The strangeness of a child longing for punishments that would make her life seem like other childrens' shocked Nancy! She looked at the thin body—was poverty starving the physical being while neglect starved the spirit?
"I'll talk to Liz myself. We'll see what I can coax her to do," Nancy declared resolutely. "We'll be chums, Nonie."
"Oh, then I won't have to play 'bout Rosemary! So, you are as nice as Miss Denny. You don't know her, do you? But she'll come back in the fall and sometime, I guess, she'll be Mr. Peter's dearest."
"What do you mean, Nonie," demanded Nancy.
"Well, Mr. Peter's the nicest man I know 'cause he's awful—nice to Davy and me, and Miss Denny's the nicest lady and so she'll be his dearest! He don't—he doesn't—know her yet but he will in the fall and so will you."

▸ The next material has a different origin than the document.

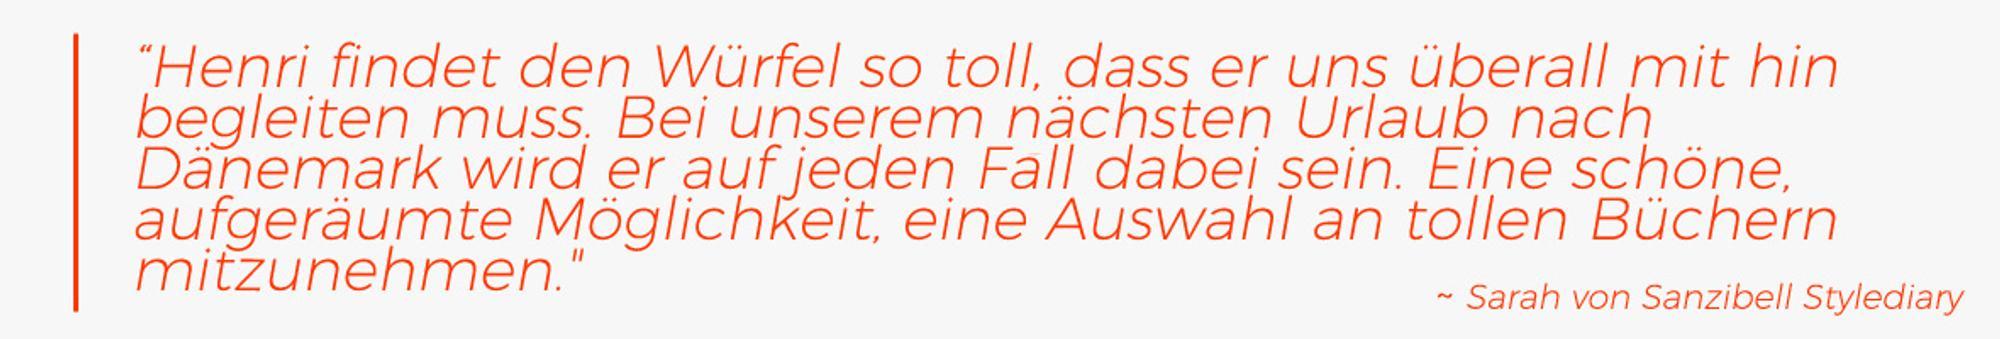 Zitat Sarah von Sanzibell Stylediary über den Ravensburger Bücher-Würfel

"I may not," Nancy answered, rather coldly, "so your Miss Denny may have your Mr. Peter all to herself. And now something tells me it's time for fairies to be in bed! If you'll hand me my slippers I'll dance with you to the gate—only we must be very, very still or we'll waken B'lindy!"
From the gate of Happy House Nancy watched the child's figure disappear in the shadows of the road. In a very little while she would be crawling into her deserted bed, pulling the clothes up over her head and pretending that a mother's hand was caressing her to sleep and a voice that never "hollered" was whispering "goodnight."
"Blessed child," thought Nancy, "her fairy godmother has given her one gift that even Liz can't take away from her—imagination!"